Coquille River Light (formerly known as Bandon Light) is a lighthouse located near Bandon, Oregon, United States. It is currently maintained by the Oregon Parks and Recreation Department as a part of Bullards Beach State Park.

History
Originally named Bandon Light, Coquille River Light was commissioned in 1895. First lit on February 29, 1896, the light guided mariners past the dangerous shifting sandbars into the Coquille River and harbor at Bandon. The light contained a fourth-order Fresnel lens and connected to the nearby keepers house by a wooden walkway. In September 1936, a large wildfire swept through the surrounding area, and destroyed most of Bandon. The town soon became bankrupt as a result of the decline in shipping. Coquille Light was shut down in 1939 and replaced by an automated light on the south jetty.

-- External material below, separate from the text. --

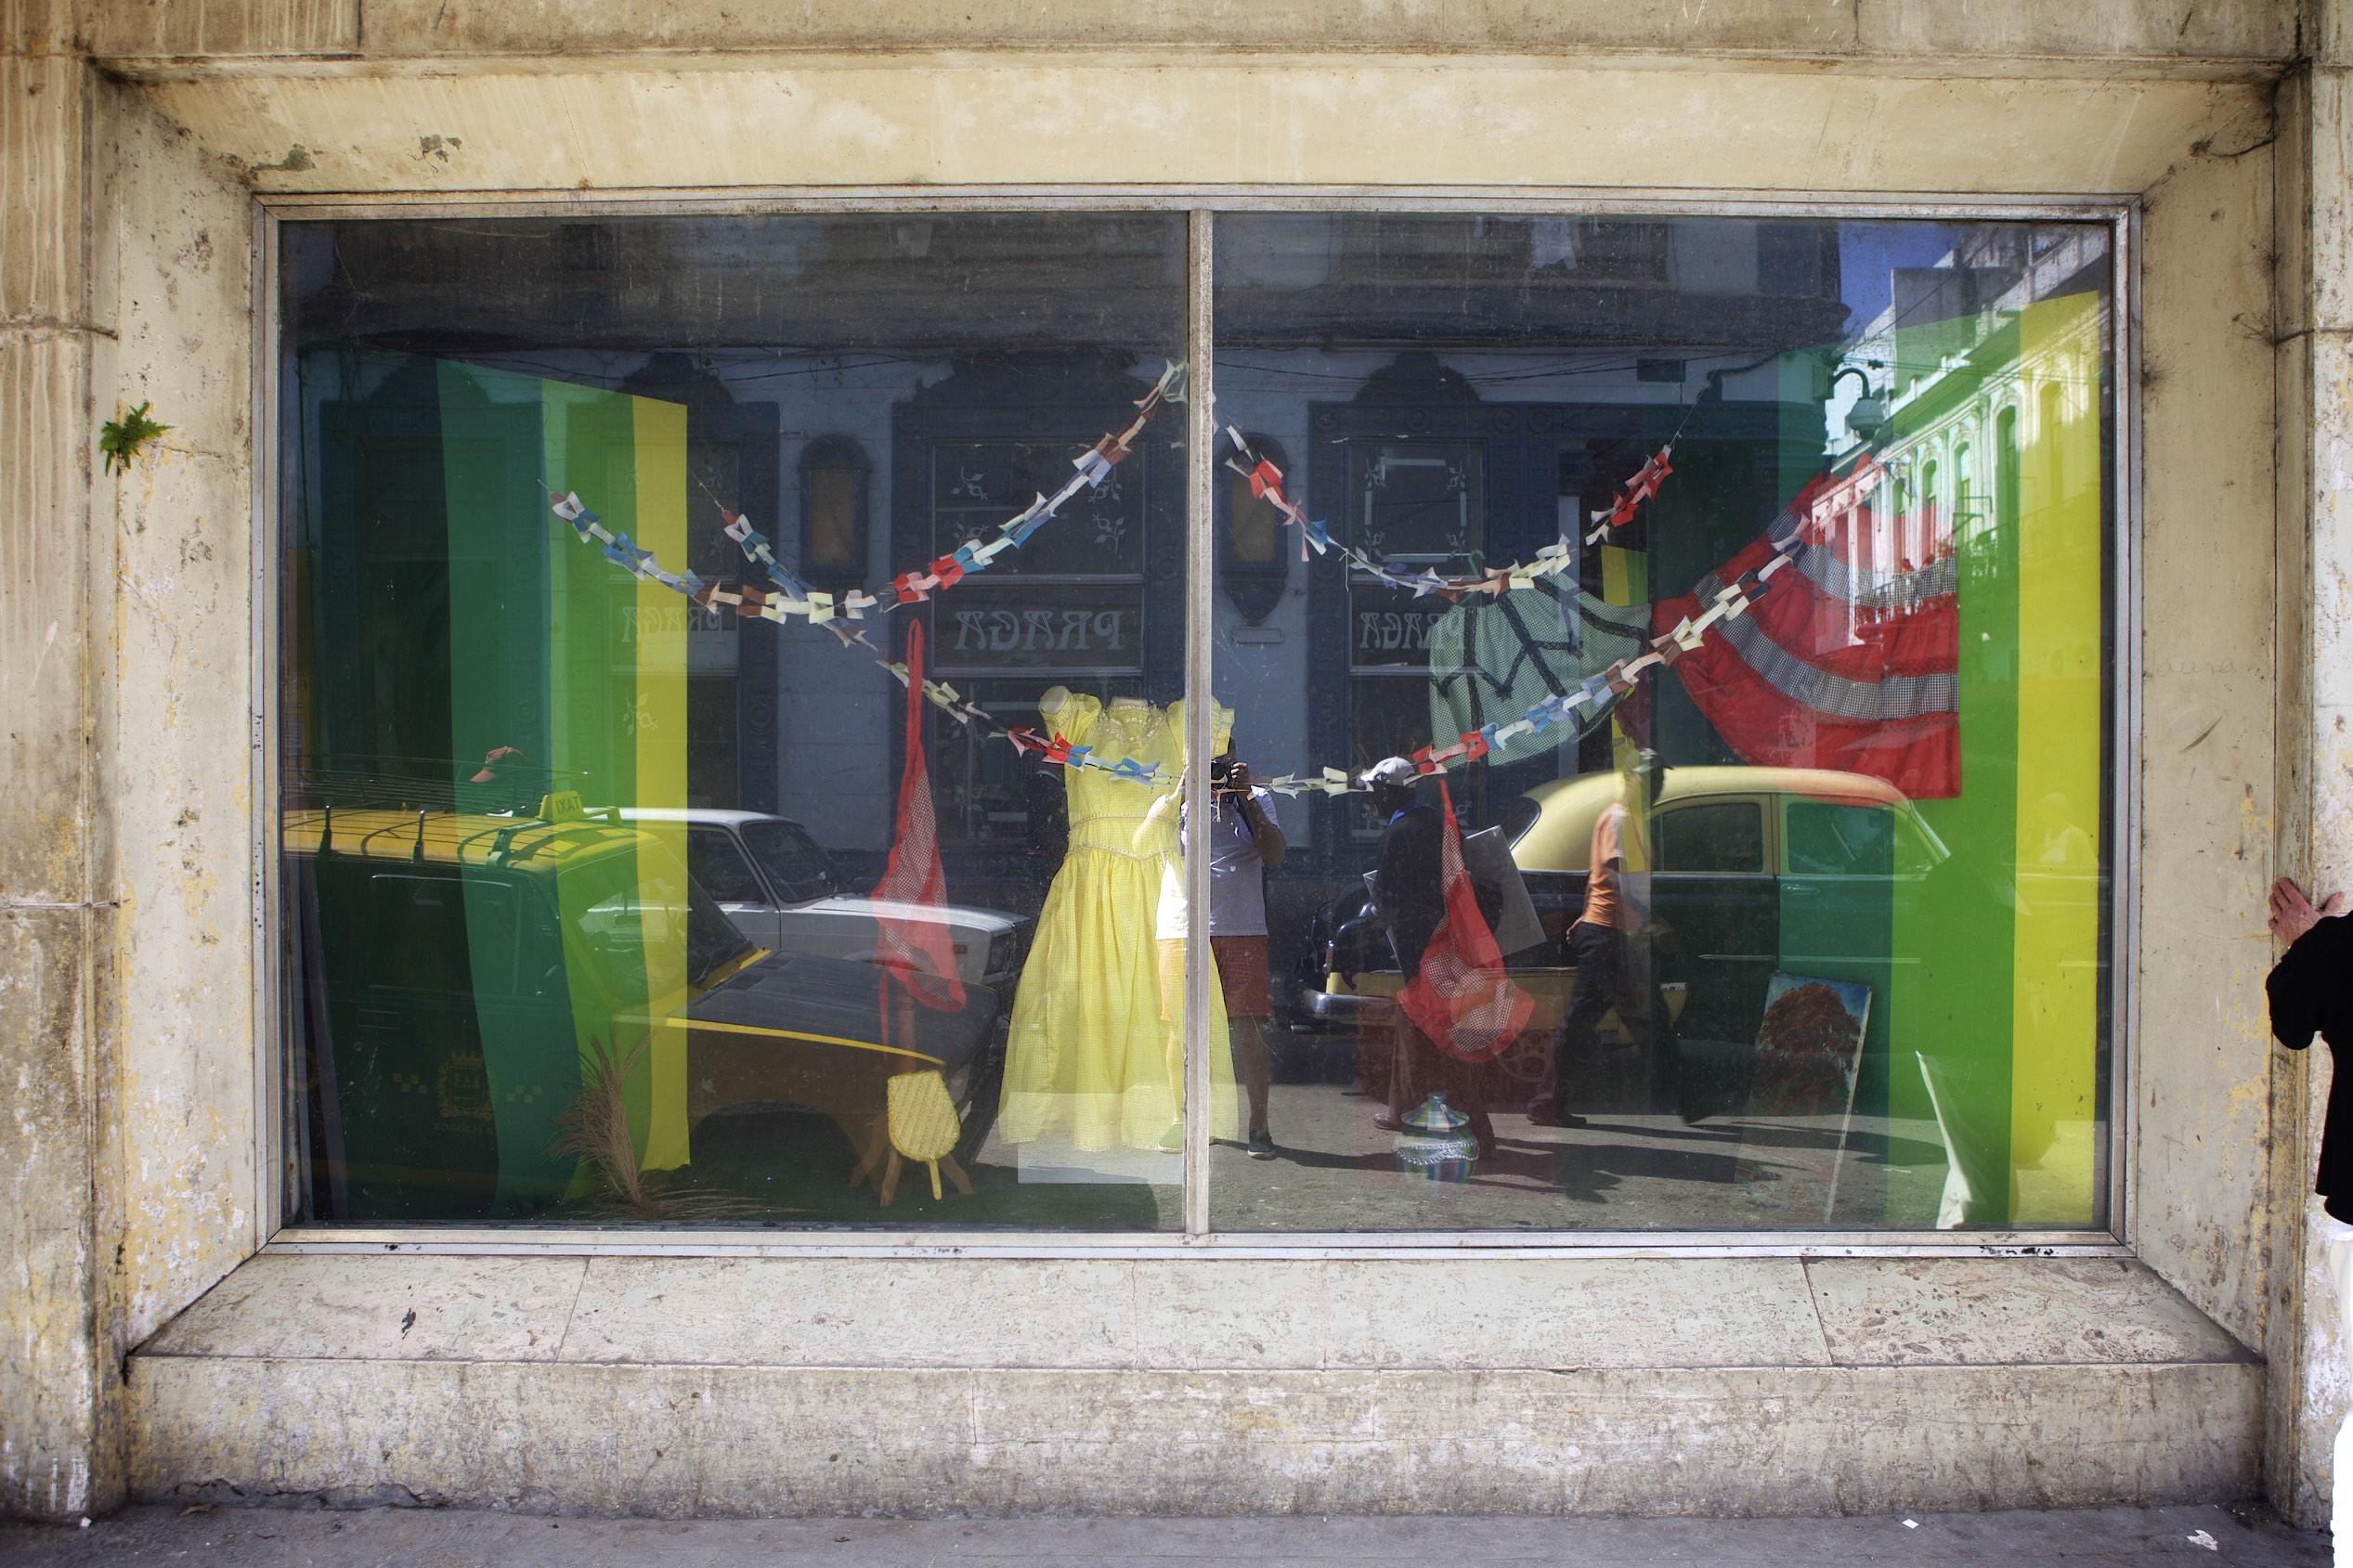 Quiciniera Dress - Dept Store Window

The light was originally built with a Daboll trumpet for its foghorn, which was used as the light's fog signal for several years. However, at certain times due to specific weather conditions, the sound of the trumpet would fail at sea, and in 1910 the trumpet was replaced by a more reliable fog siren. While mariners liked the new signal, many Bandon residents did not. The siren would eventually be removed along with the Fresnel lens after the light's decommissioning.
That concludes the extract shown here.